“Kaplan’s fundamental philosophy is to help individuals achieve their educational and career goals,” said Executive Director Mark Chesney at the school’s grand opening last month.
Located inside New Center One, 3031 W. Grand Blvd. (Suite 236), Kaplan Institute occupies 24,000 square feet of the second floor and can expand up to the third. There are currently appoximately 10 instructors and 240 students who meet daily in either morning or afternoon sessions in medical assisting, medical office specialist and pharmacy technician courses. The school will soon offer evening sessions as well.
The nine-month curriculum teaches students all the skills necessary to function either in a physician’s office or in a pharmacy as a pharmacy technician.
“They’ve done lecture work, they’ve done clinical work and labs, and they’ve actually gone out and gotten real-world experience,” Chesney said. “So it is, in fact, very condensed and accelerated.”
While some might compare Kaplan Institute to a community college, Chesney doesn’t quite agree.
“When people think of a community college, they think of a longer program,” he said. “We wouldn’t want to say we teach everything they do in nine months. That wouldn’t be a fair statement.”
State Sen. Hansen Clarke (D- Detroit), who cut the ribbon at the opening ceremonies, welcomes the school. He said he owes the fact that he got into Georgetown Law School to Kaplan prep courses.
Clarke had graduated from Cornell University following a brief interregnum, but while his grades improved after he returned to college, courses he took in that latter period, such as silk screen, didn’t impress law school admissions people.
“So, I was desperate,” he said. “I knew I wanted to be a lawyer, but the local law schools here wouldn’t take me. I just wasn’t strong enough of an applicant, but because I took the Kaplan course, I did decent enough on the LSAT that I was able to get into Georgetown Law School.”
He said his tenure at Georgetown is the reason he got into politics.
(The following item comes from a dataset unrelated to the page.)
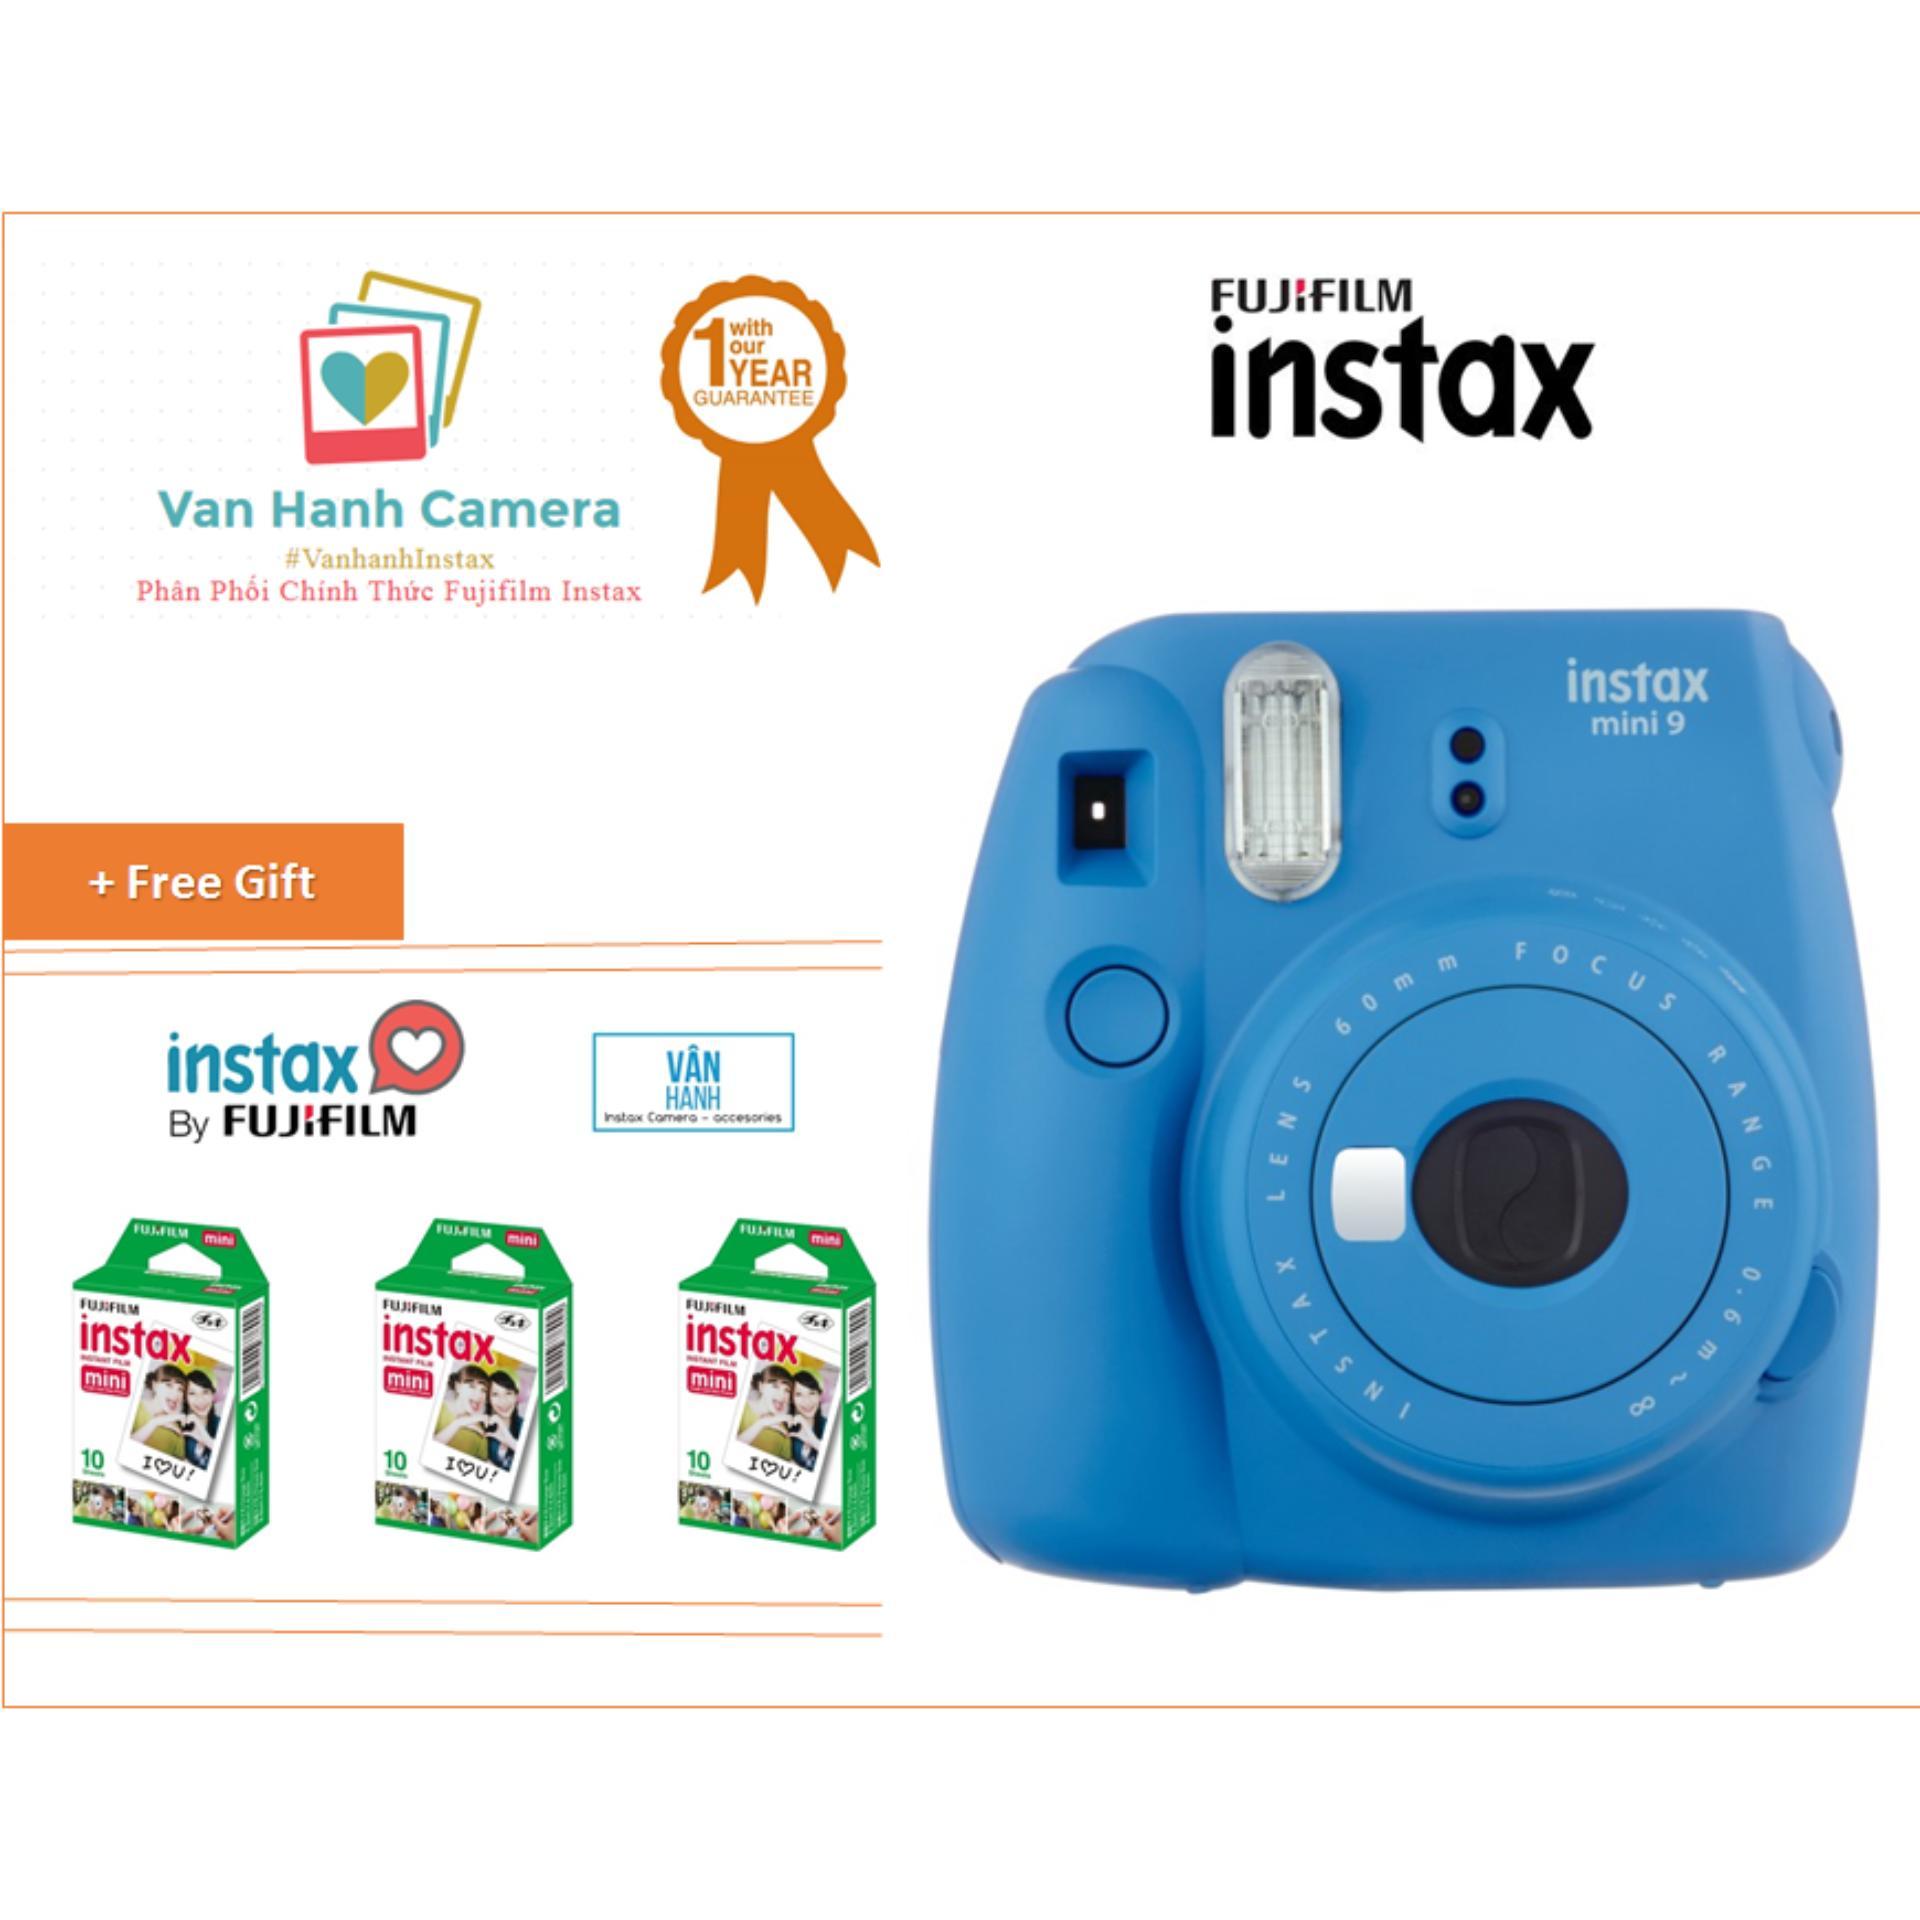 Máy Chụp Ảnh Lấy Ngay Fujifilm Instax Mini 9 COB Blue tặng 3 hộp film Instax mini 10/px – Phân phối chính hảng Fujifilm

Clarke, who was raised by a single mother in the Baldwin/Mack area, added that many of his still-living friends either got caught up in drugs or are barely making it financially.
“Those were the only options — to go to college full time, or nothing else,” he said.
“If the option was available for my friends that’s available right now at Kaplan Career Institute, many of my friends would have been able to get into careers, make a great living, really contribute, share something with their children.”
The school doesn’t currently offer degrees, but Chesney said they will be looking at doing so in the near future. The school’s first class will graduate in November.
Chesney described Kaplan as one institution with overriding authority and reporting structure, but a lot of input from individual campuses is taken into consideration when designing a curriculum.
As an example, he said if the Detroit campus finds that there is a need for trained technicians in the fields of heating, ventilation and air conditioning, it would probably have the ability to start a program in those fields.
At present, however, the medical assisting, medical office specialist and pharmacy technician courses are the only ones offered.
“We have identified this market as being in need of trained medical assistants, and the outlook for employment in those fields in Detroit is very positive,” Chesney said.
Dr. Lisa Jones-Harris, director of education (equivalent to a dean) at Kaplan Institute, said Kaplan is looking at an enrollment of 500 students by the end of the calendar year.
“In terms of new programs, it really depends on the demand, in terms of what people are asking for and if we feel we can do it well,” she said.